AAI 6962. Elective. (1-4 Hours)

Offers elective credit for courses taken at other academic institutions.


AAI 6980. Integrated Experiential Capstone. (4 Hours)

Offers an immersive experience where students work in interdisciplinary teams, fostering collaboration, communication, and critical thinking while applying their artificial intelligence knowledge and skills to real-world problems. Examines thoroughly the methodologies associated with visualizing AI in practical situations.

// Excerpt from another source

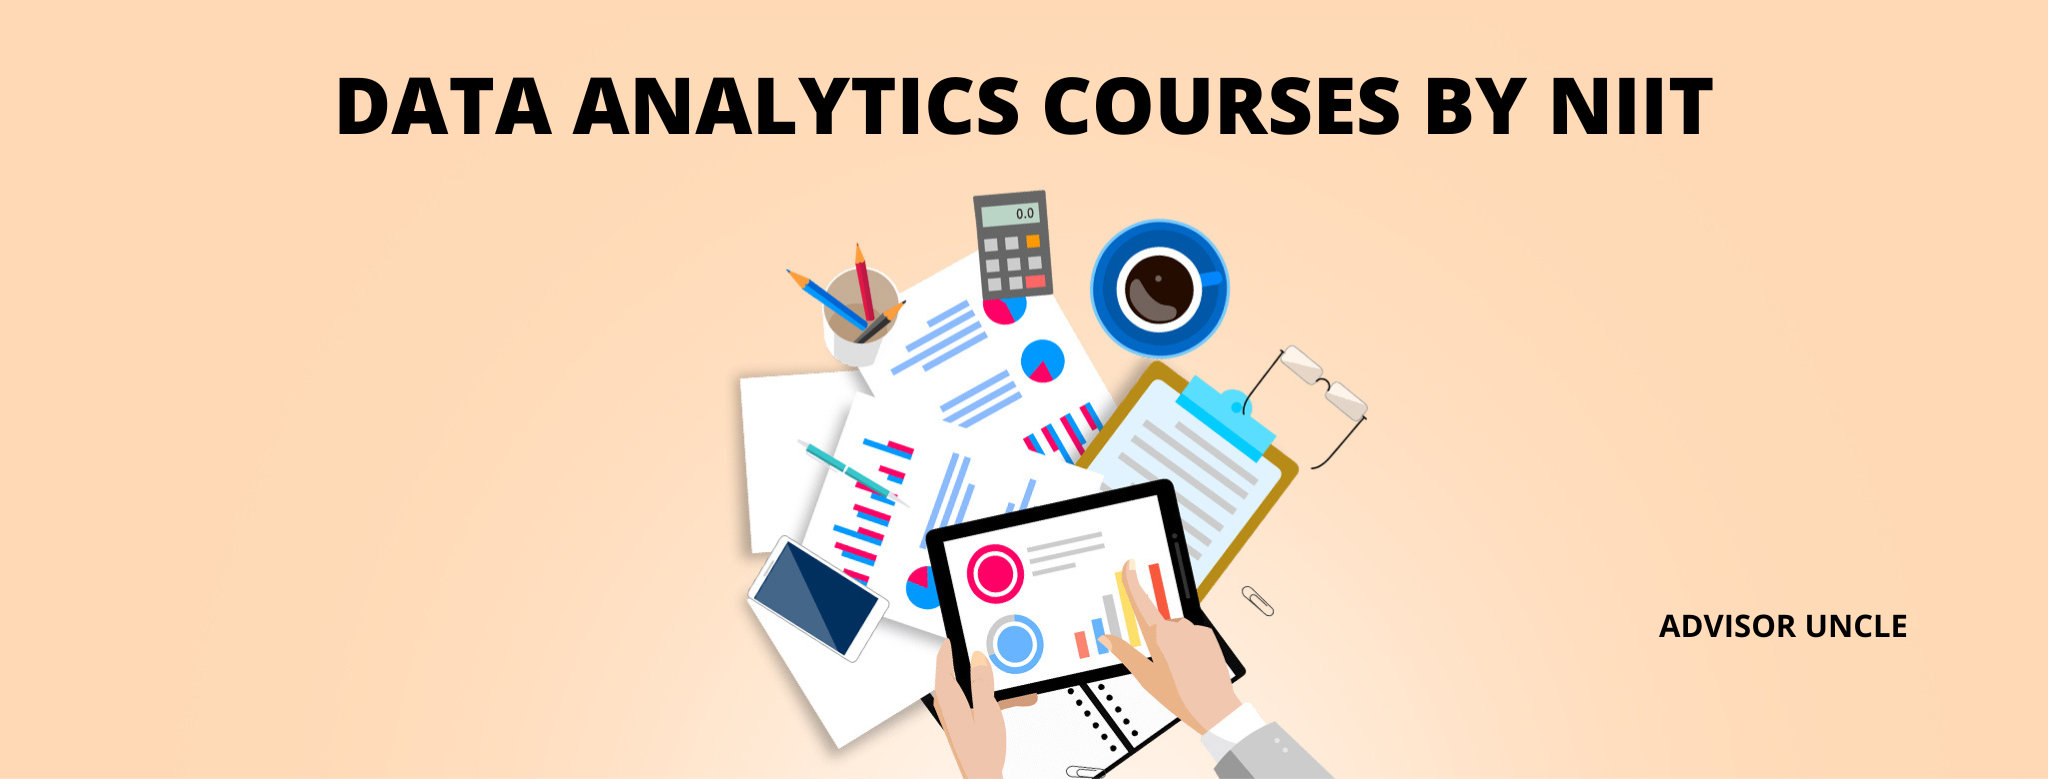 A guide to data analytics courses by NIIT

Investigates sophisticated visualization tools and techniques, while also researching the ethical considerations, interpretability, and real-world consequences of visually showcasing AI-based outcomes.

Prerequisite(s): AAI 6600 with a minimum grade of C- ; AAI 6610 with a minimum grade of C- ; AAI 6620 with a minimum grade of C- ; AAI 6630 with a minimum grade of C-


AAI 6983. Special Research Topics in AI. (1-4 Hours)

Covers special topics in artificial intelligence research. Topics vary by semester. May be repeated up to three times for a maximum of 15 semester hours.